Близок был мой час разлуки со святым Иерусалимом! Как ни больно мне было оставить эту святыню, но обстоятельства принуждали. Горизонт Сирии более и более становится мрачен; новые бунты арабов приводят все в движение и варварское правительство волнует кровь! Вдобавок ко всему, вот целый год как я не имею ни одной строки от близких моему сердцу; забыт ли ими дальний путник? нарушено ли их благоденствие? Обе мысли грустны. Путешествия на Восток все еще тяжки, и очень тяжки; и напрасно думают в Европе, будто владычество Мегмета-Али сделало здесь пути легкими. Огненный климат, чума и варварство здесь царствуют, и надобно с ними бороться беспрестанно. Я теперь изучил Иерусалим и его окрестности как возможно точнее; я стараюсь напечатлеть в памяти своей все, что так трогает душу мою; каждая тропинка, каждый камень останавливают мое внимание; я невольно прилепляюсь ко всему, что вижу. Каждый шаг на земле Иерусалима освящен и оставляет неизгладимые впечатления. Один из латинской братии рассказывал мне на днях простодушный и трогательный анекдот. Когда-то поклонник просил у одного священника иерусалимского, чтоб он дал ему на дорогу горсть Святой земли. «Друг мой, – сказал ему священник, – есть ли кругом Иерусалима место, которое не было б свято? Кровь небесного Искупителя и мучеников освятила навеки этот слой». С сим словом он наклонился, взял горсть земли – и кровь заструилась по руке его.

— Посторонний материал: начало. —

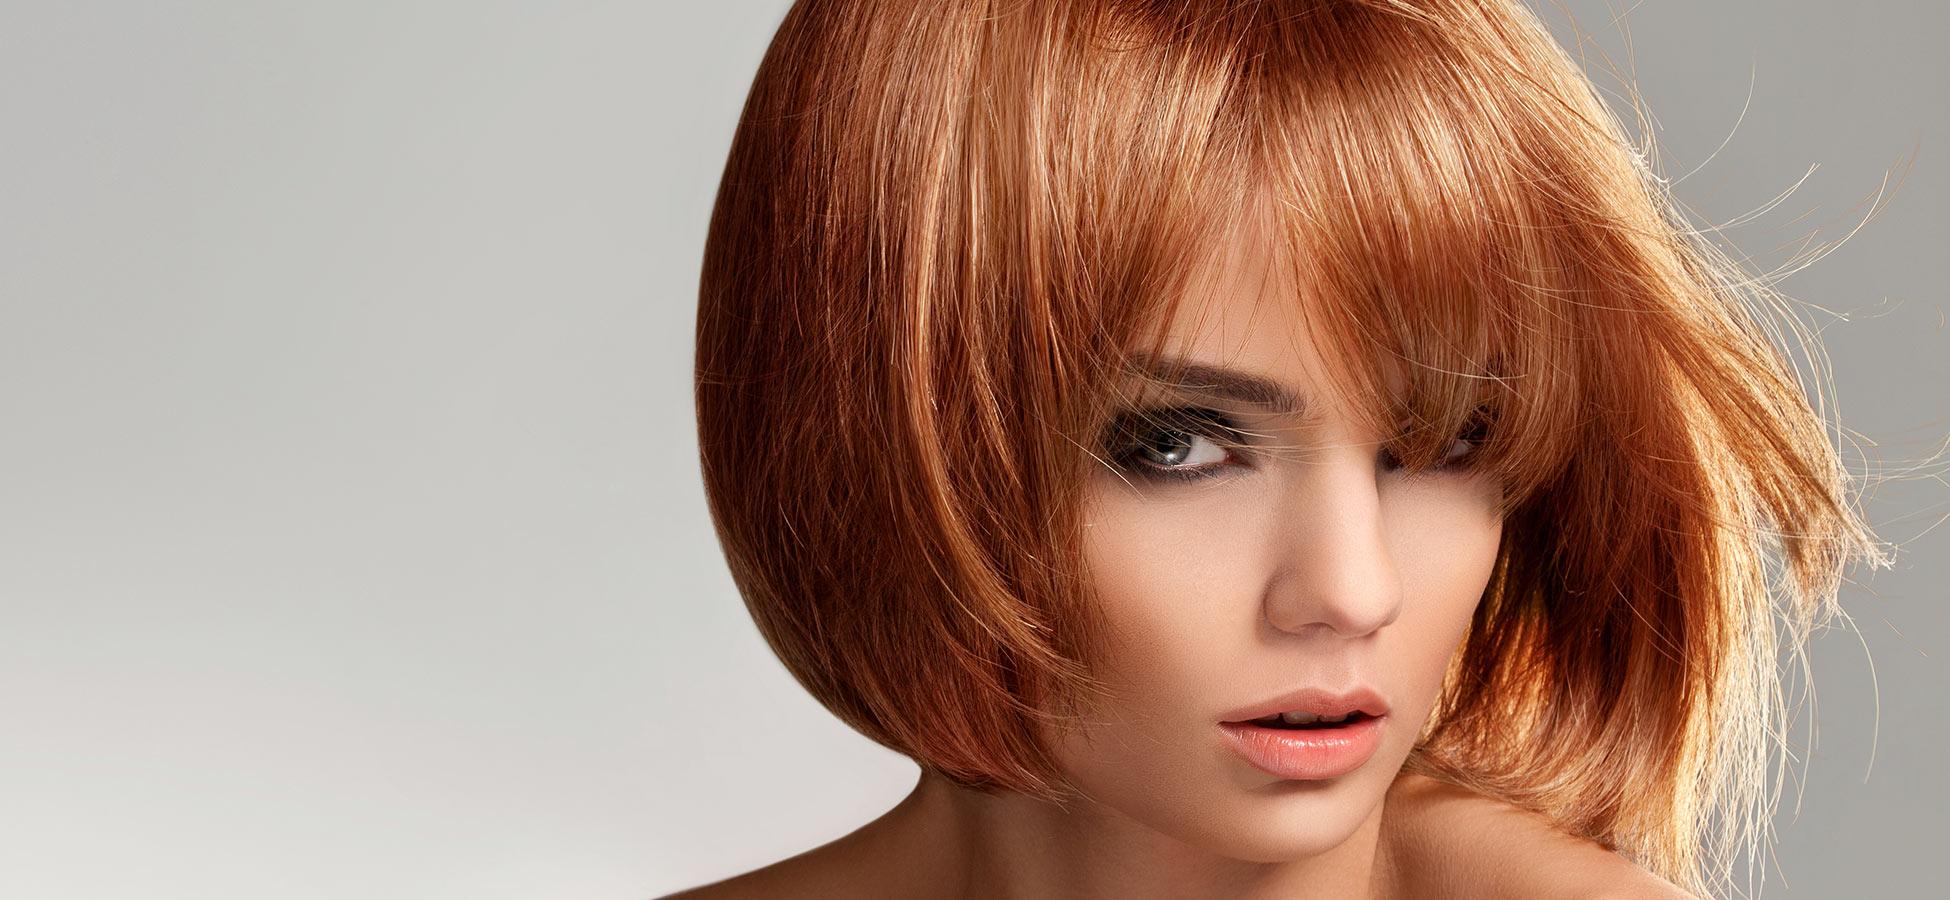 loi prestation de service dans la coiffure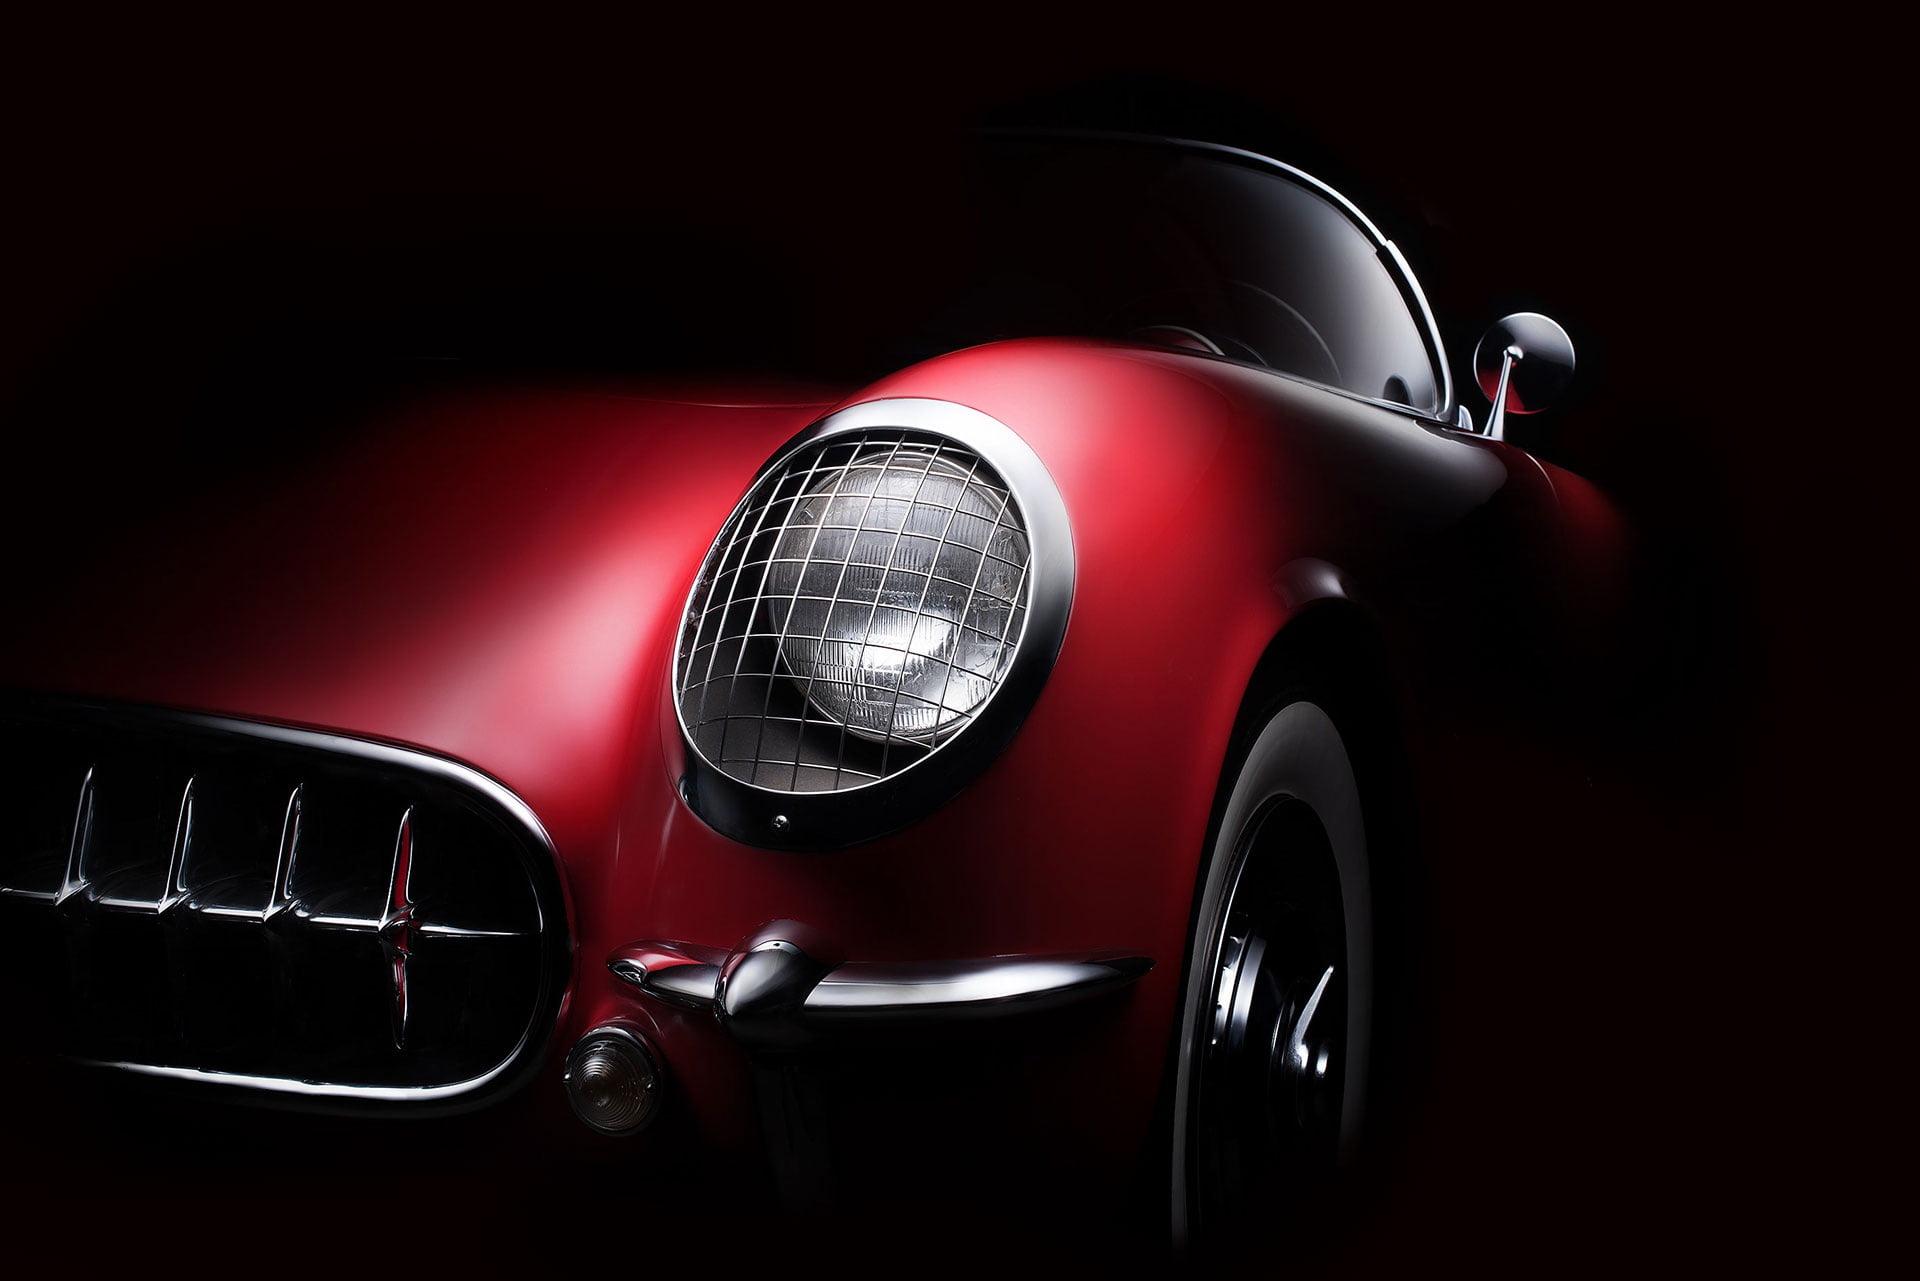 Red Car Dark Background 1920x1281 Wallpaper Teahub Io

В последние дни моего пребывания в Иерусалиме я еще более ознакомился с достопочтенными отцами греческого монастыря. Храм Гроба Господня редко открывался; уже нельзя было иметь утешения посещать его так часто, как прежде; всякий раз должно было испрашивать ключей у стража мусульманского. Почти вседневная прогулка моя была по улице Страстного пути к горе Элеонской, а оттуда вдоль потока Кедрского и вокруг города, возвращаясь в Яфские ворота. Молитвы и глубокие думы неразлучно сопутствуют вас на этом пути.
Накануне моего отъезда из Иерусалима я слушал обедню на Голгофе. С трепетом, но с сладкими слезами умиления и признательности к моему Спасителю, я пал на страшном месте нашего искупления и перед живоносным Гробом. Как выразить прощанье грешника с этими двумя великими святынями, которые служат живым напоминанием о том Лице, на котором основаны все его надежды жизни земной и небесной!.. Тут меня наградили сокровищем неоцененным; для меня раскрывали железное решетчатое окно, за которым видна скала Божественной Голгофы, и меня благословили небольшим отломком от нее. С ним понес я весь Иерусалим с собою! С стесненным сердцем глядел я на затворяющиеся передо мною железные врата храма… Я направился в келью митрополита Мисаила; там священный старец благословил меня на путь и на всю жизнь нагрудным крестом, в котором заключалась частица
В самый день моего отъезда из Иерусалима меня ожидала обедня в Гефсимании, у гроба Пресвятой Богородицы. В праздник Покрова Божией Матери я предпринял путь свой из России на Восток, – под Ее же милосердым покровом отправлялся я в обратный путь из Иерусалима.
Рано поутру оставил я дом Патриарший, направясь по Страстной улице к Гефсимании, лобызая в последний раз места, освященные страданиями нашего Искупителя. При входе в погребальный вертеп Божией Матери братия встретили меня со свечами. Толпа христиан наполняла уже подземный храм; в его таинственном сумраке и на священном мраморе Гроба Матери Спасителя нашло взволнованное мое сердце молитвенное утешение.
Старцы-братия провожали меня в путь; с ними медленно поднялся я опять к стенам Иерусалимским; там, у врат Овчих, ожидали меня лошади. Там обнял я моих друзей, там сел я на моего коня и, взглянув еще раз на Гефсиманию, на гору Элеонскую, на Иерусалим, – слезы брызнули из глаз моих, – я быстро пустил коня своего по направлению к пещере Иеремии, воскликнув из глубины души: «Да созиждутся стены Иерусалимские!»